Description of the task:
Repeat the following data exactly, omitting pictures.

Data:
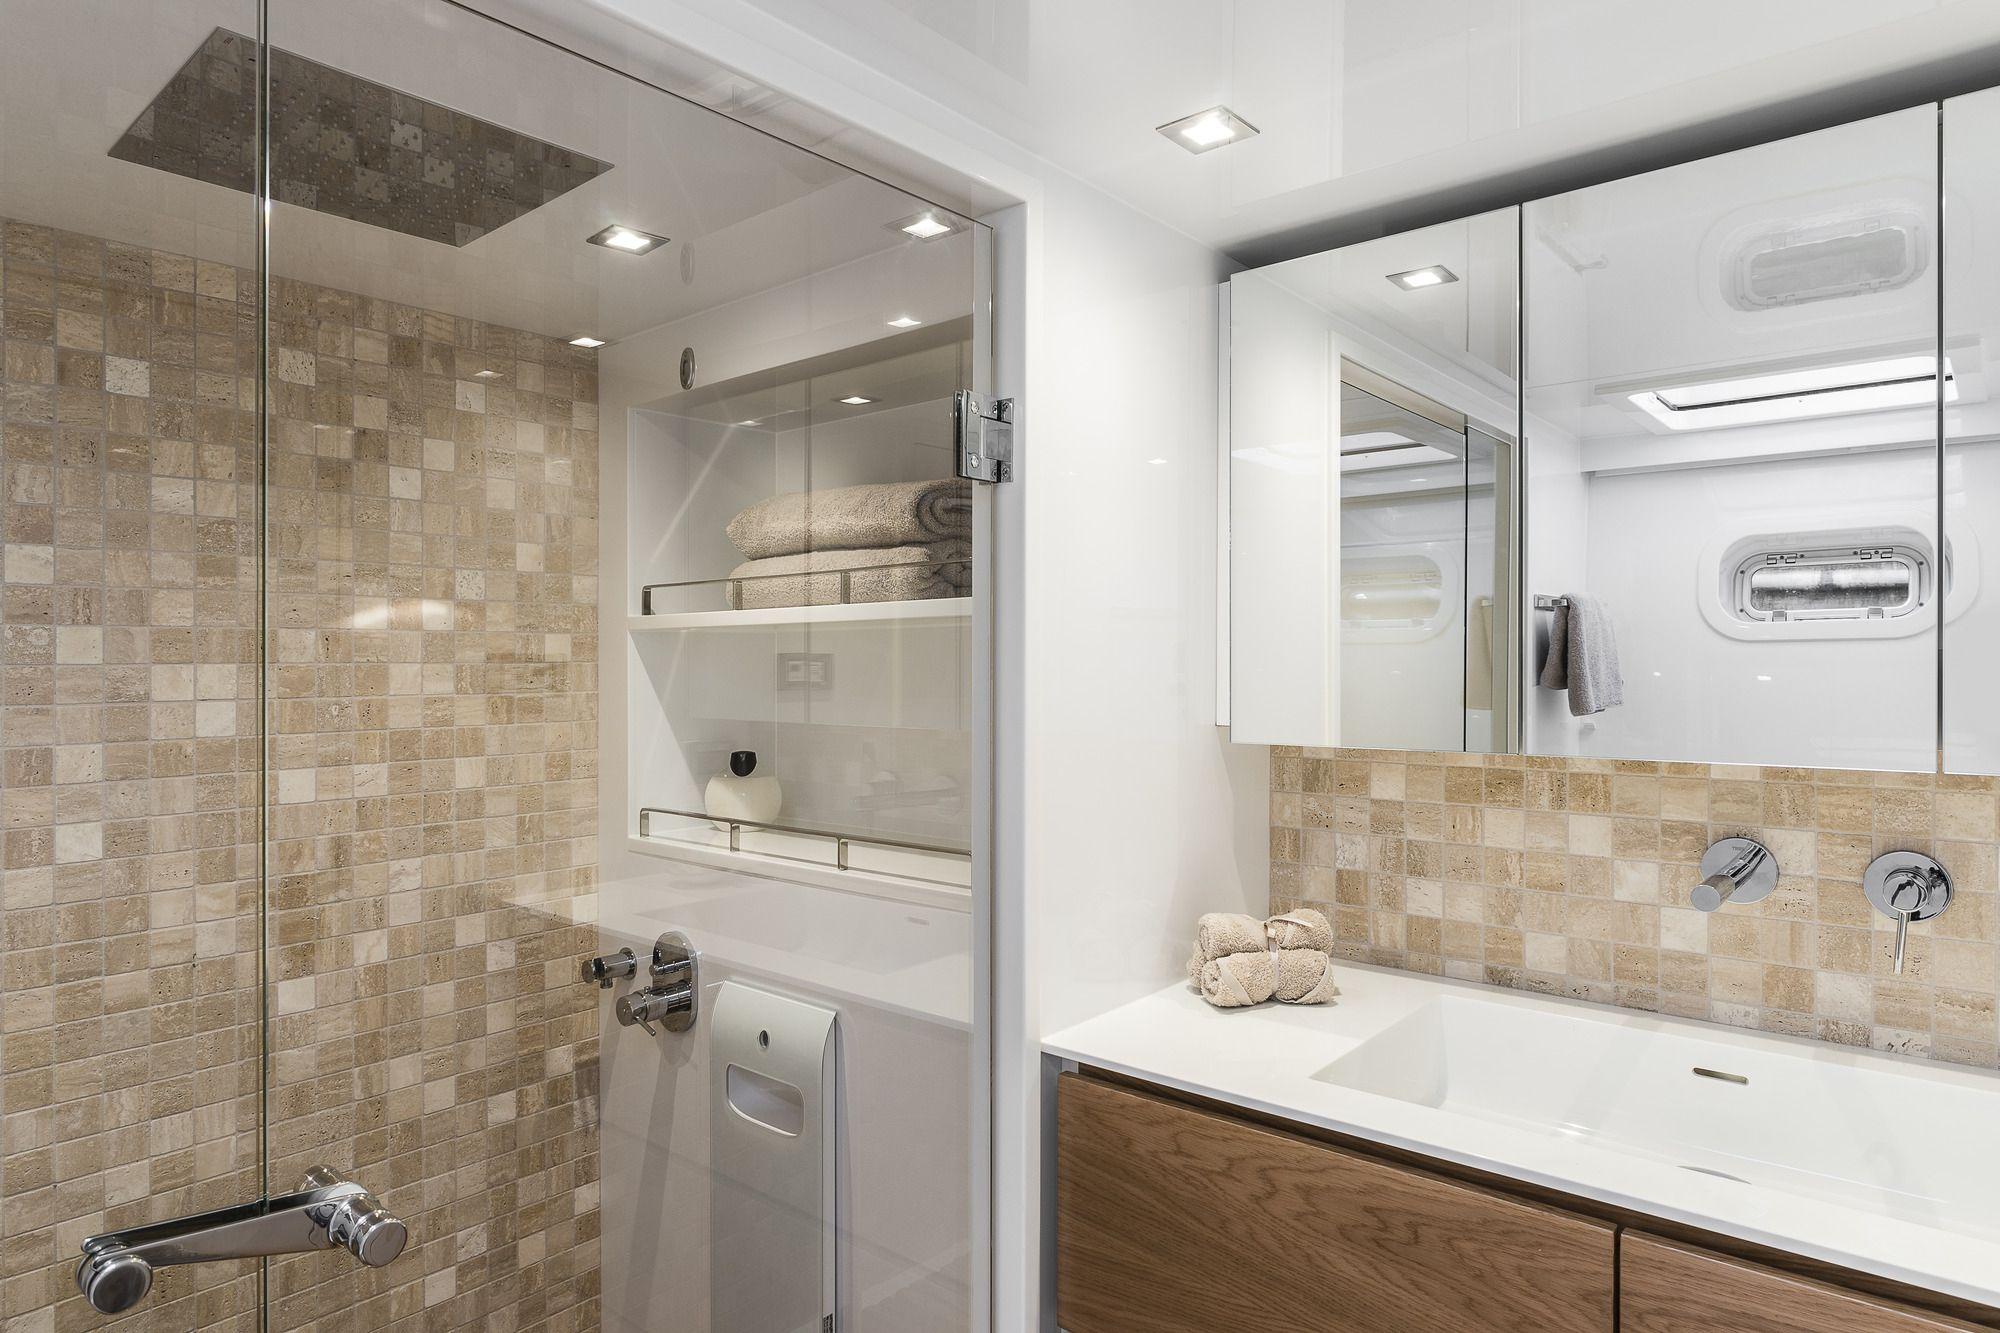 ADEA Sunreef 60 Luxury Catamaran Contemporary Shower
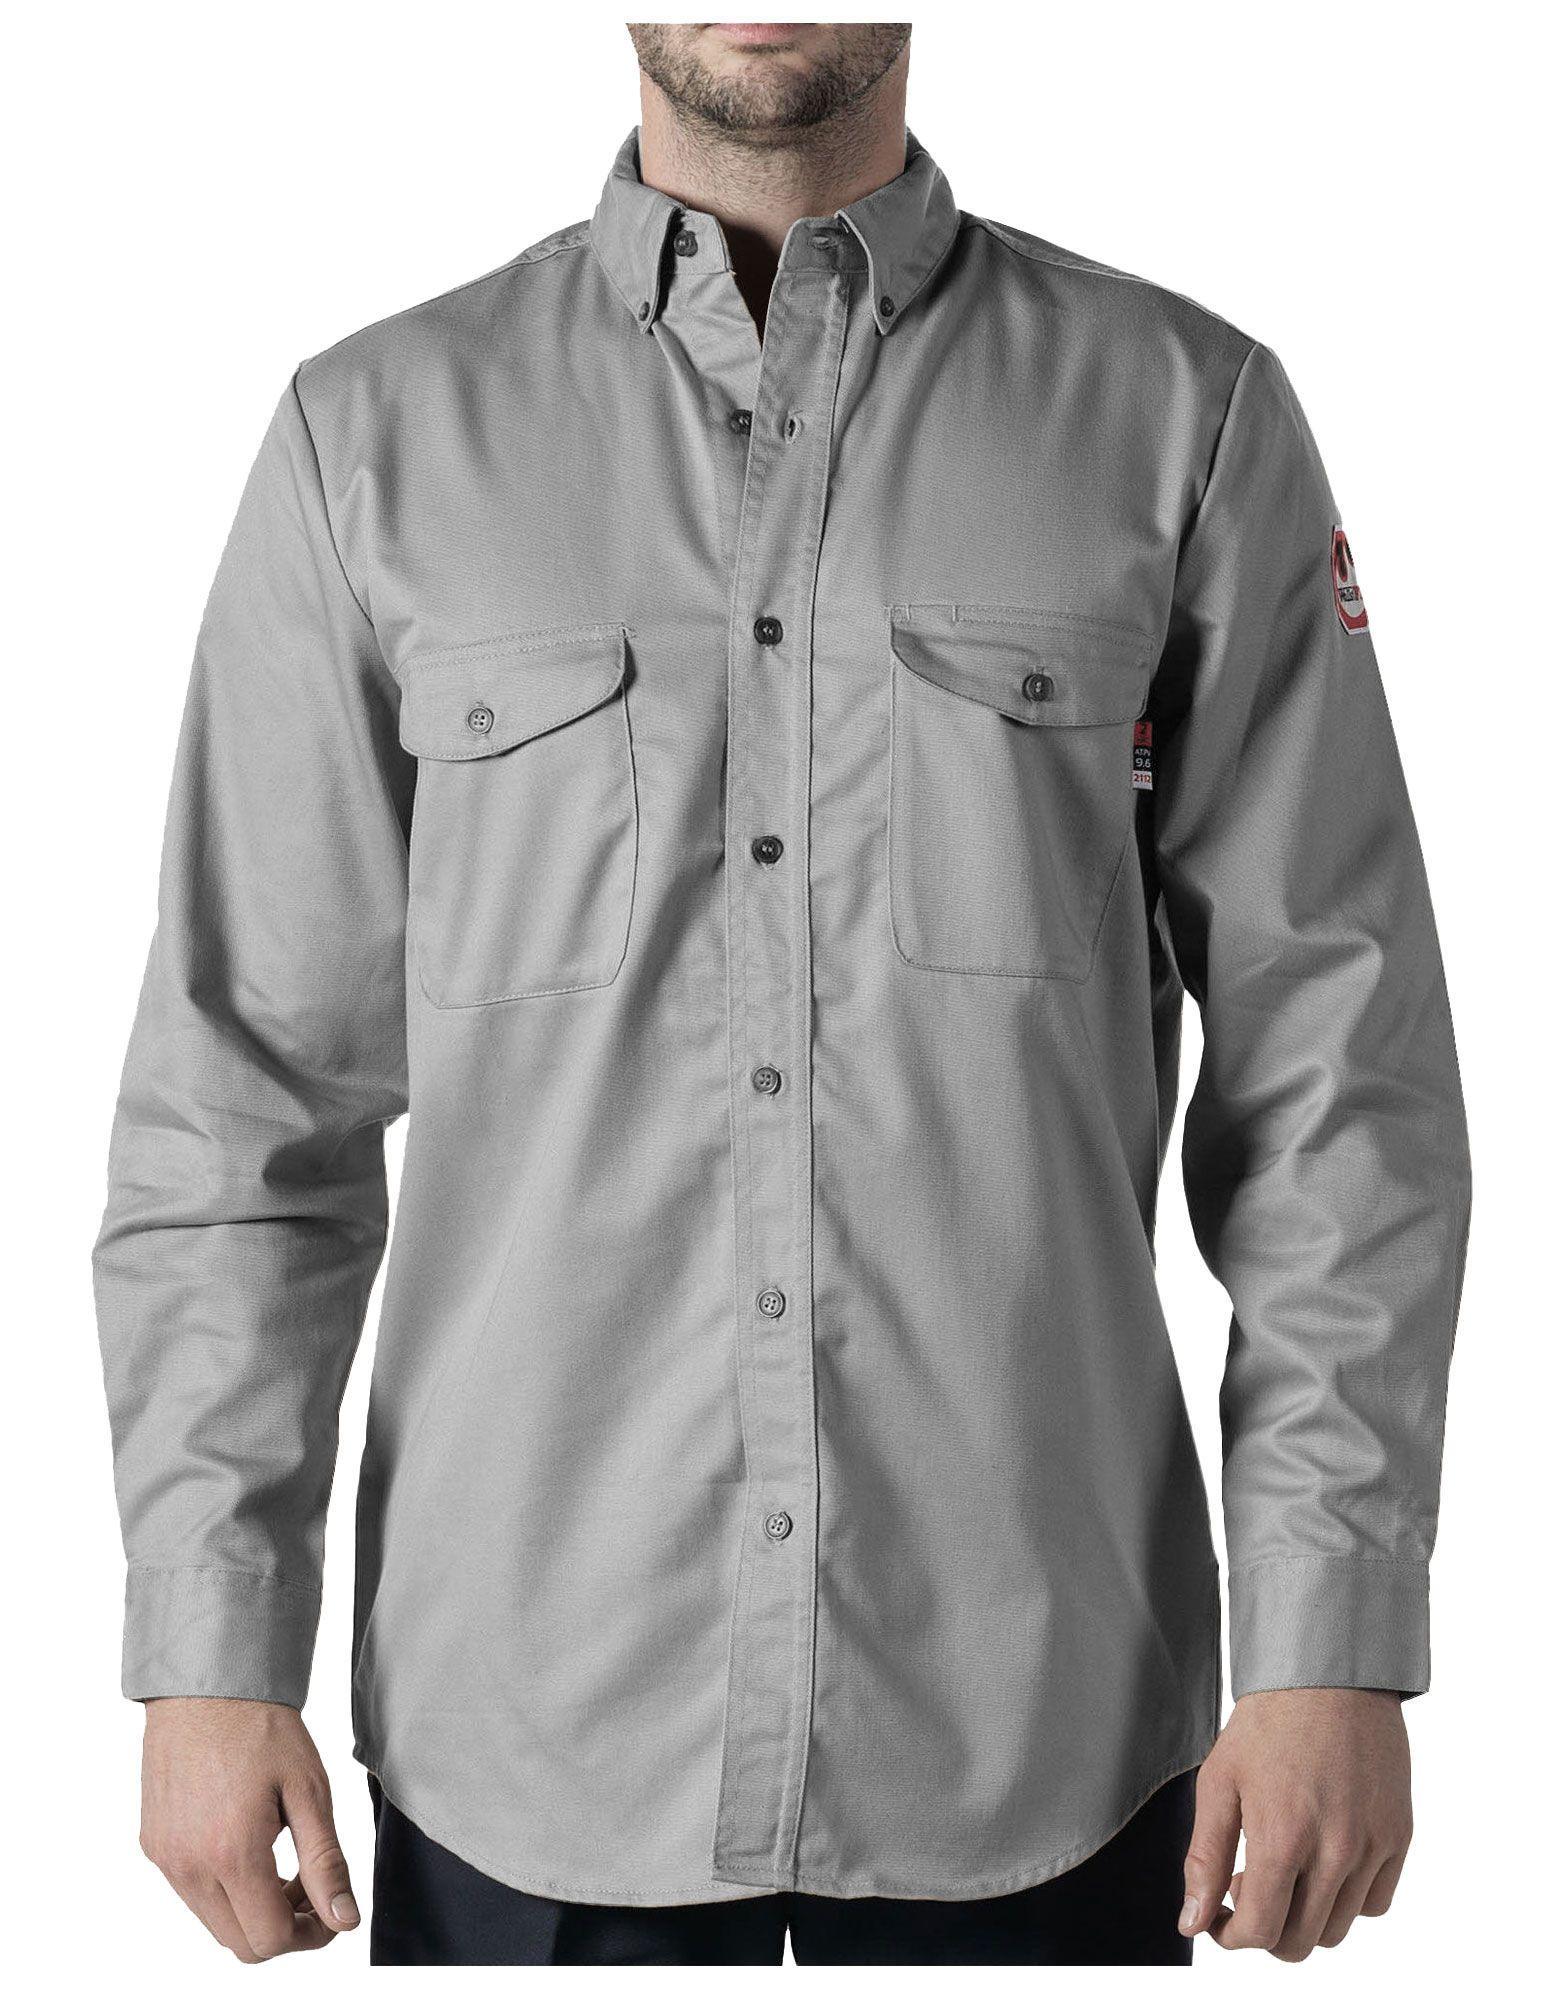 Walls - FR High End Shirt
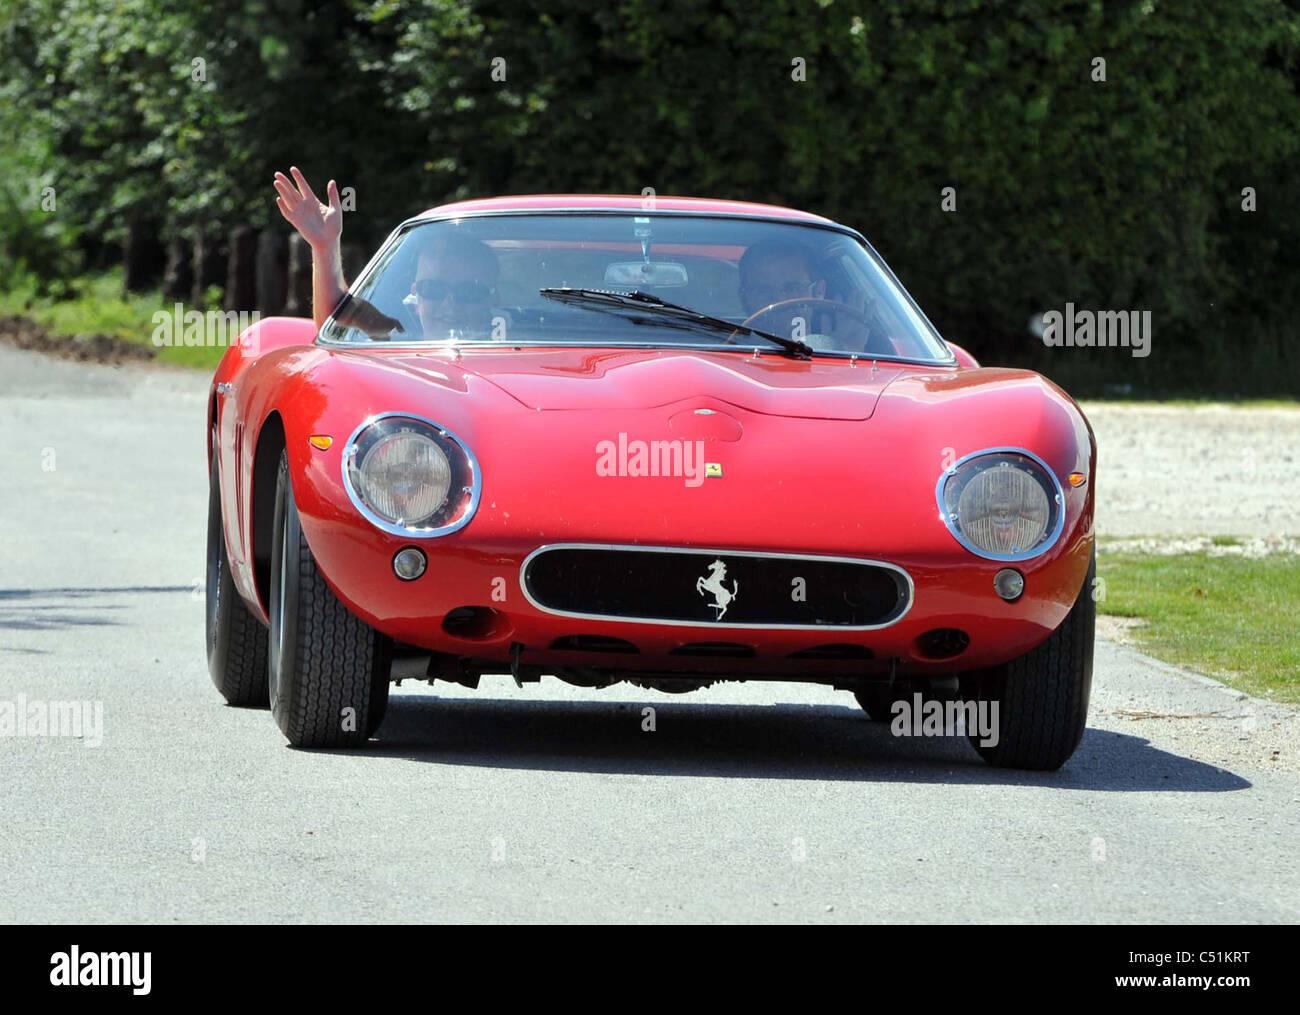 Uk Dorset Dj Chris Evans Drives His 12m Red 1963 Ferrari 250 Gto Stock Photo Alamy
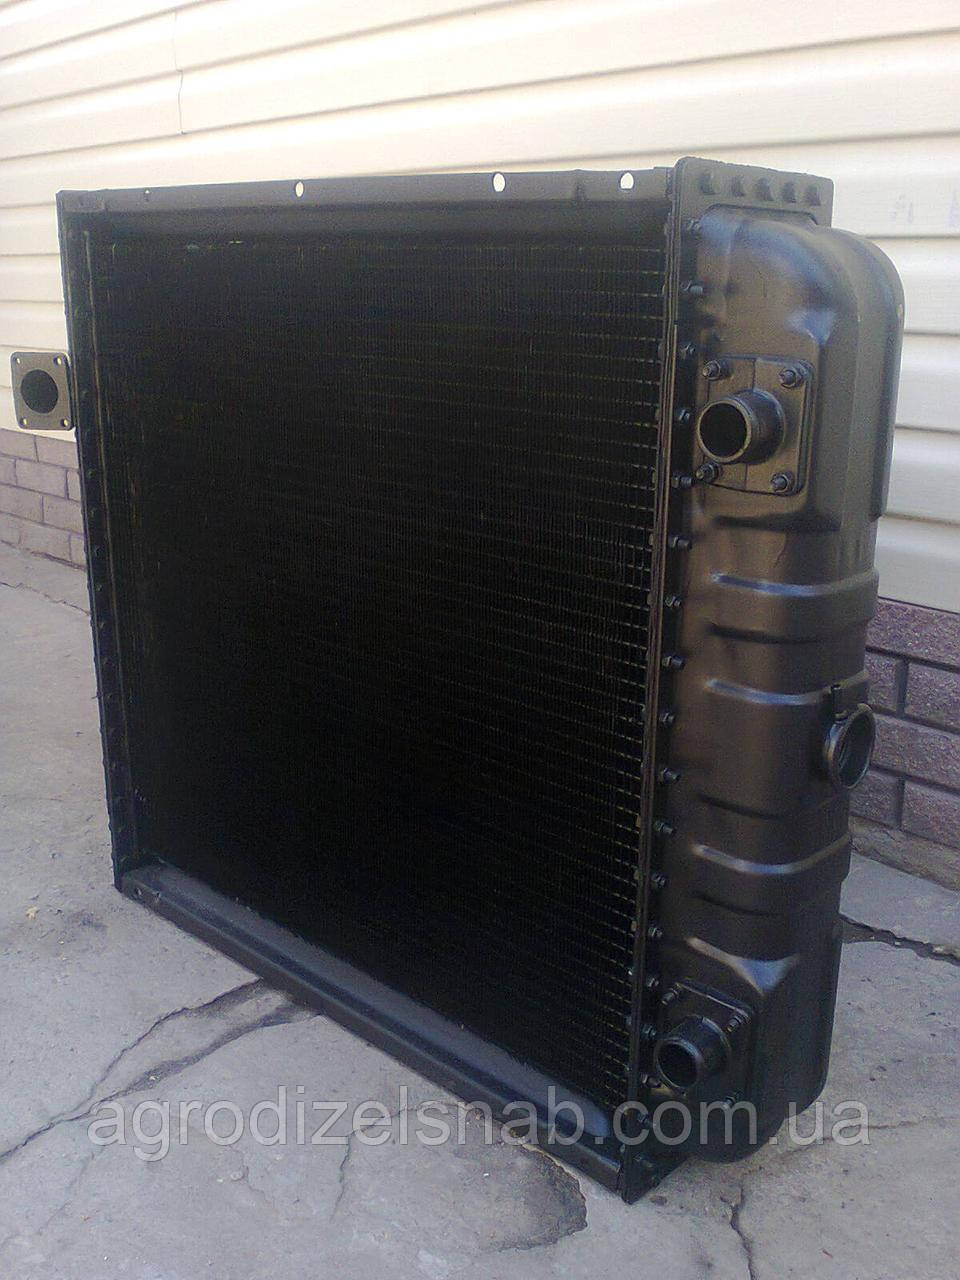 Радиатор водяного охлаждения комбайн ДОН-1500 (6-ти рядн.) 250У.13010-4 (пр-во г.Оренбург)

Reply to the exercise:
 ADEA Sunreef 60 Luxury Catamaran Contemporary Shower
 Walls - FR High End Shirt
 Uk Dorset Dj Chris Evans Drives His 12m Red 1963 Ferrari 250 Gto Stock Photo Alamy
 Радиатор водяного охлаждения комбайн ДОН-1500 (6-ти рядн.) 250У.13010-4 (пр-во г.Оренбург)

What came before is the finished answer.